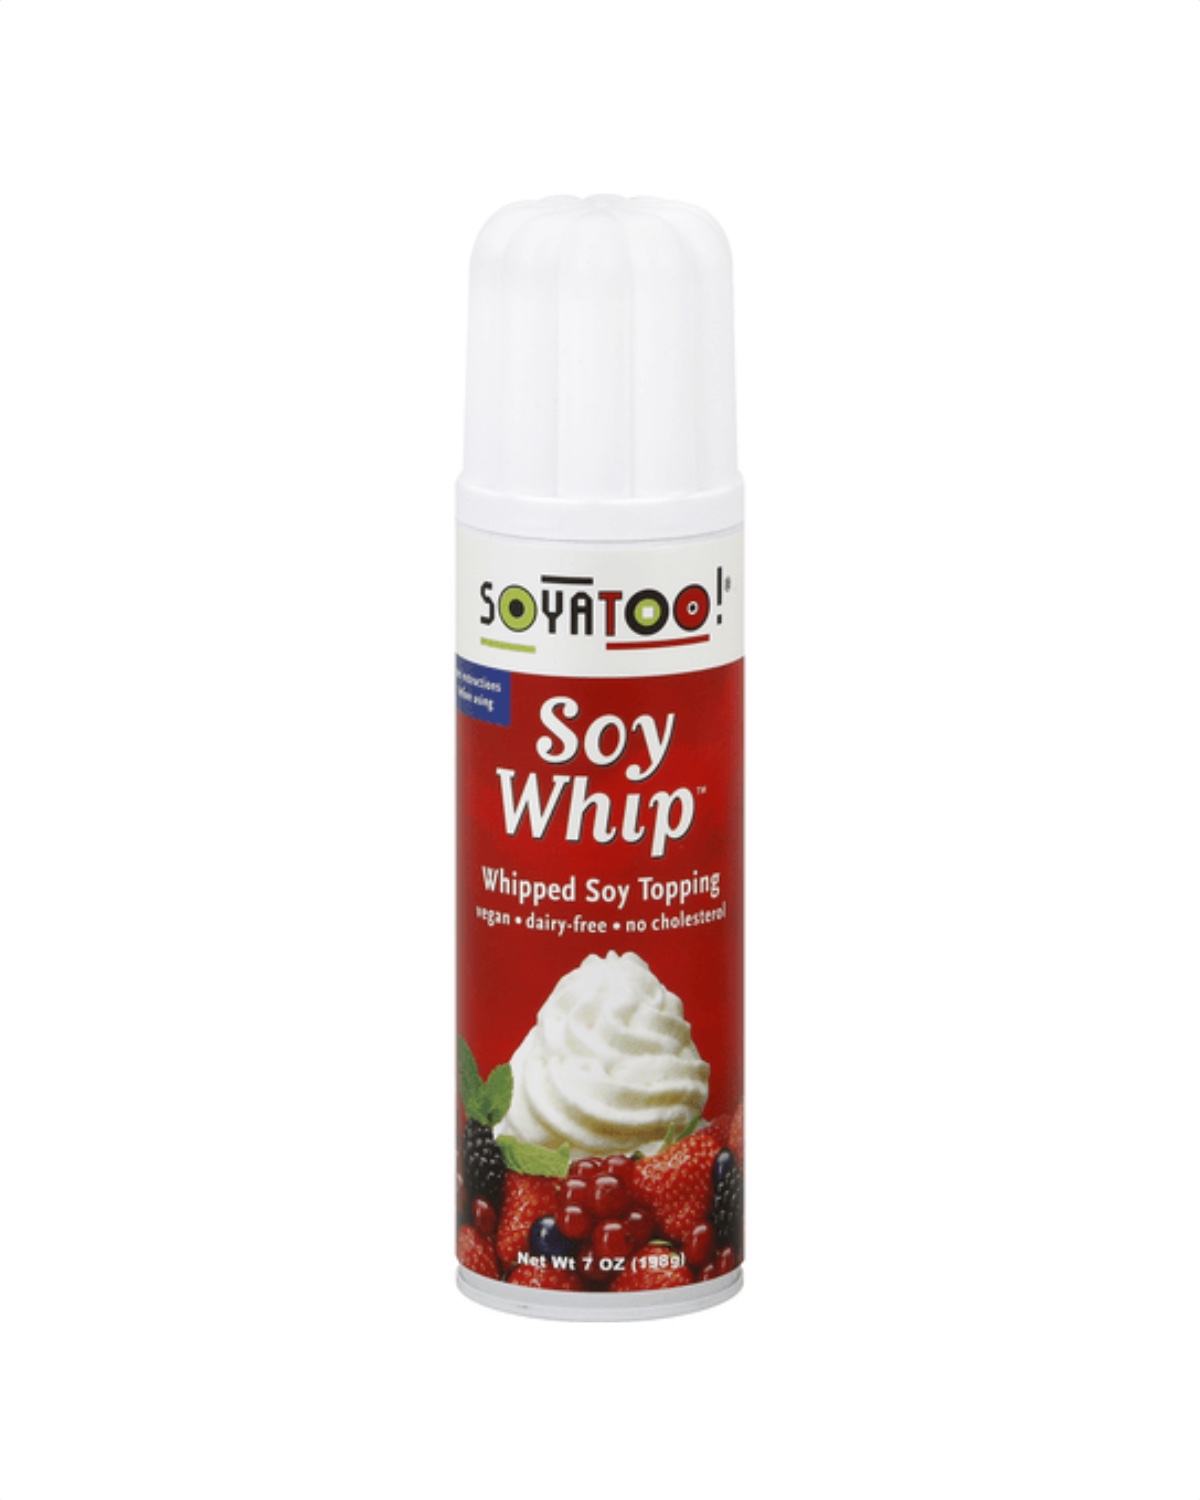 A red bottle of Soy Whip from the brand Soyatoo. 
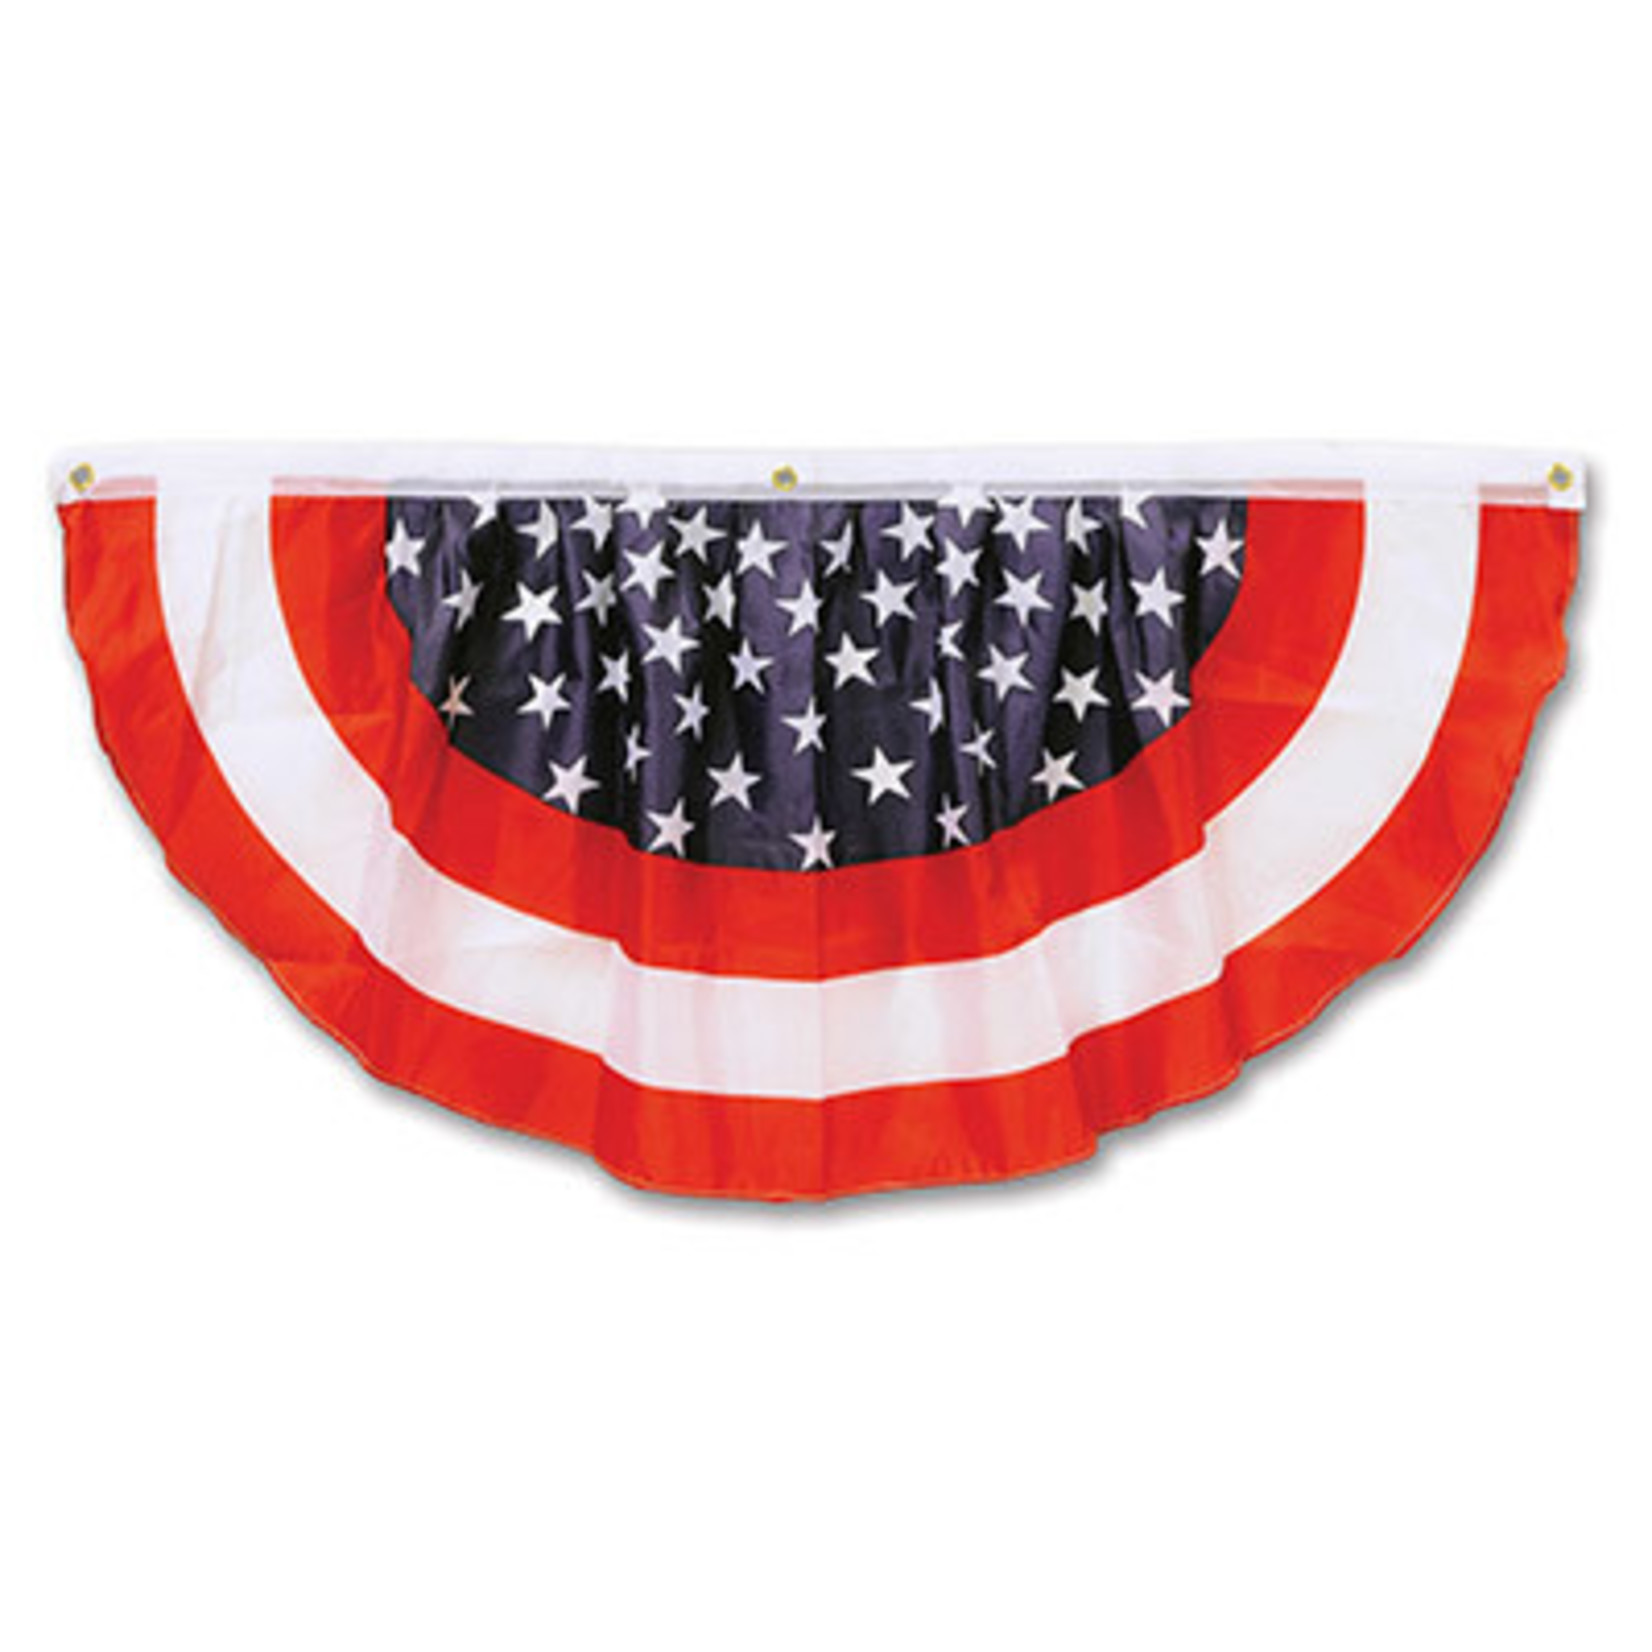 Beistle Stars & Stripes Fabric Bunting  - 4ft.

--

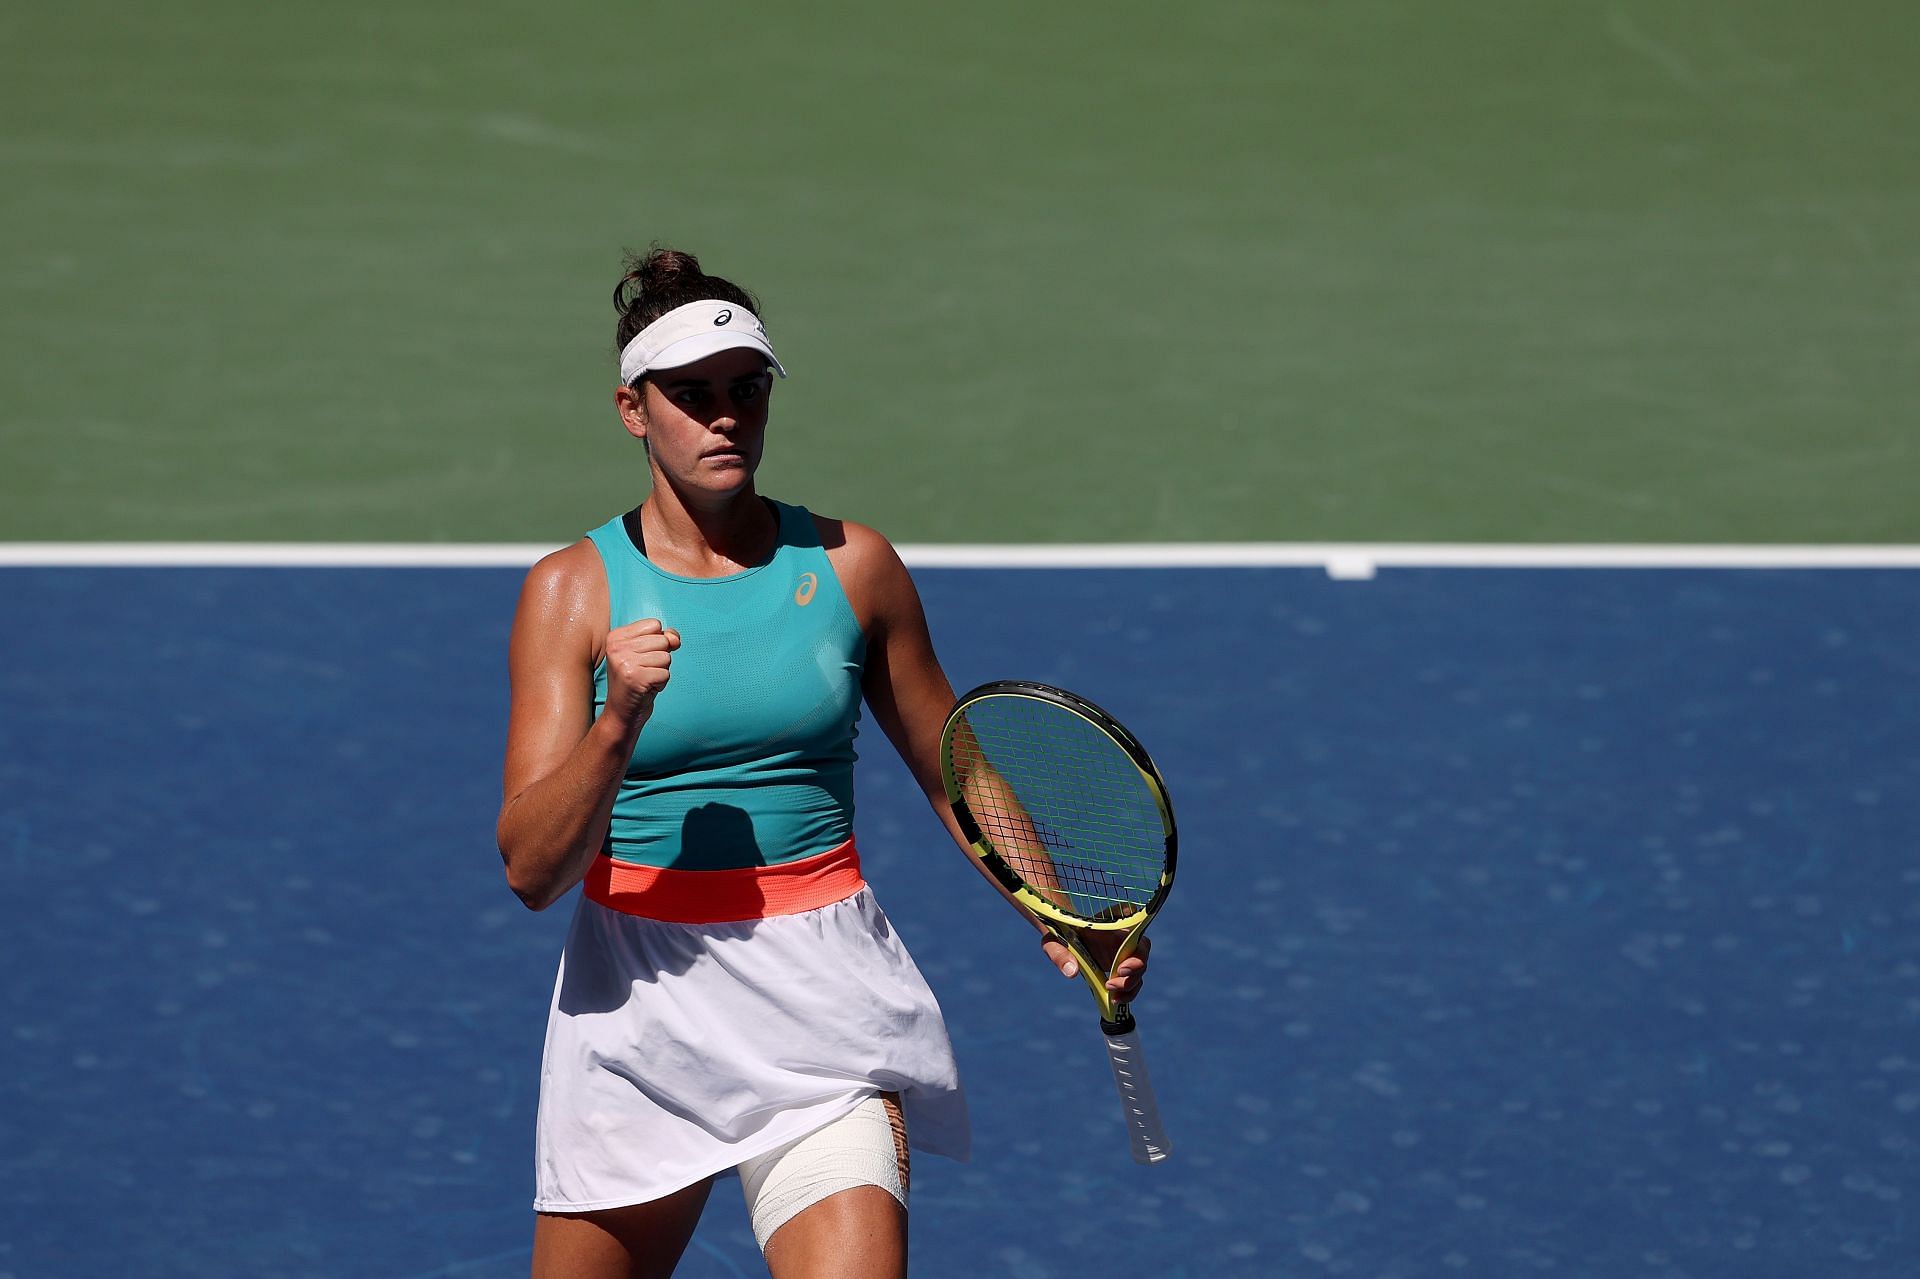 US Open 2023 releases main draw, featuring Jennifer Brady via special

==

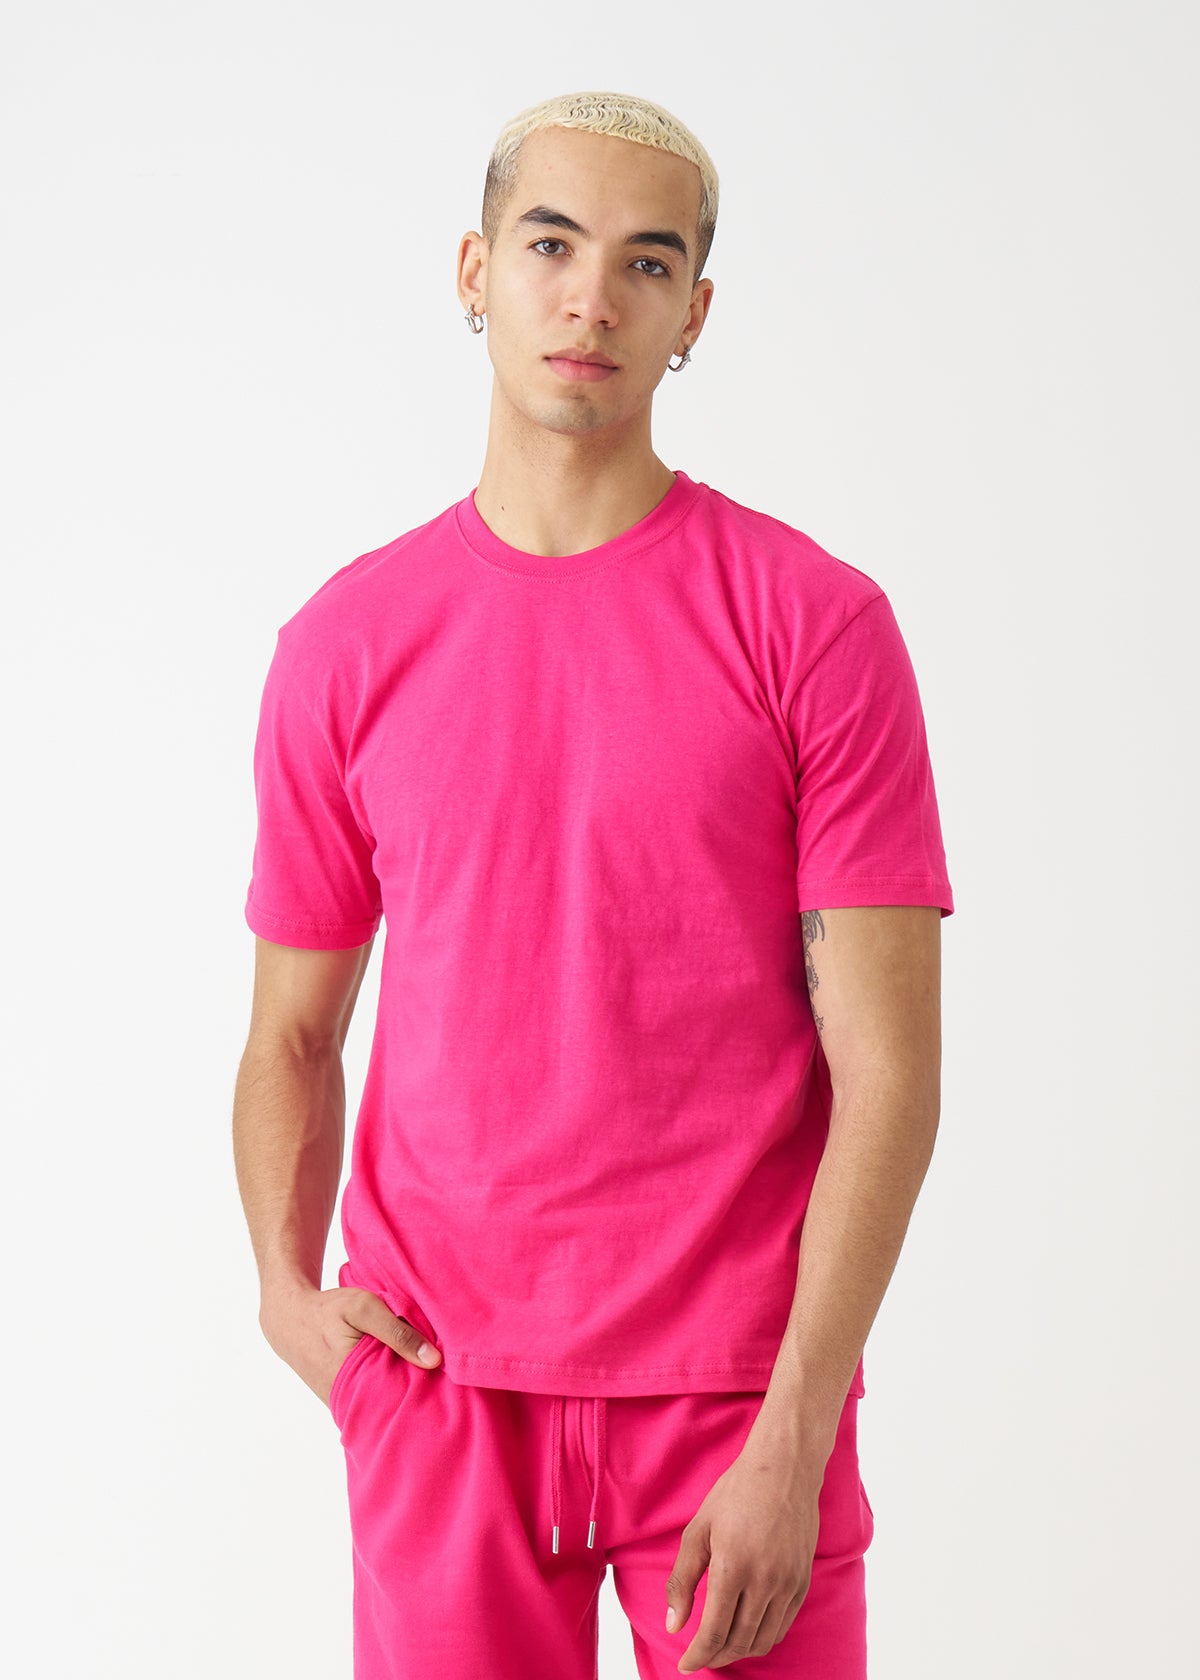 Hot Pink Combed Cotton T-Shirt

[How to complete this task]
Working from the entries above, please transcribe only the lines from the line with "A red bottle" through the line with "Beistle Stars &", exactly, with both end lines and without pictures.

[Reply to the task]
 A red bottle of Soy Whip from the brand Soyatoo. 
 Beistle Stars & Stripes Fabric Bunting  - 4ft.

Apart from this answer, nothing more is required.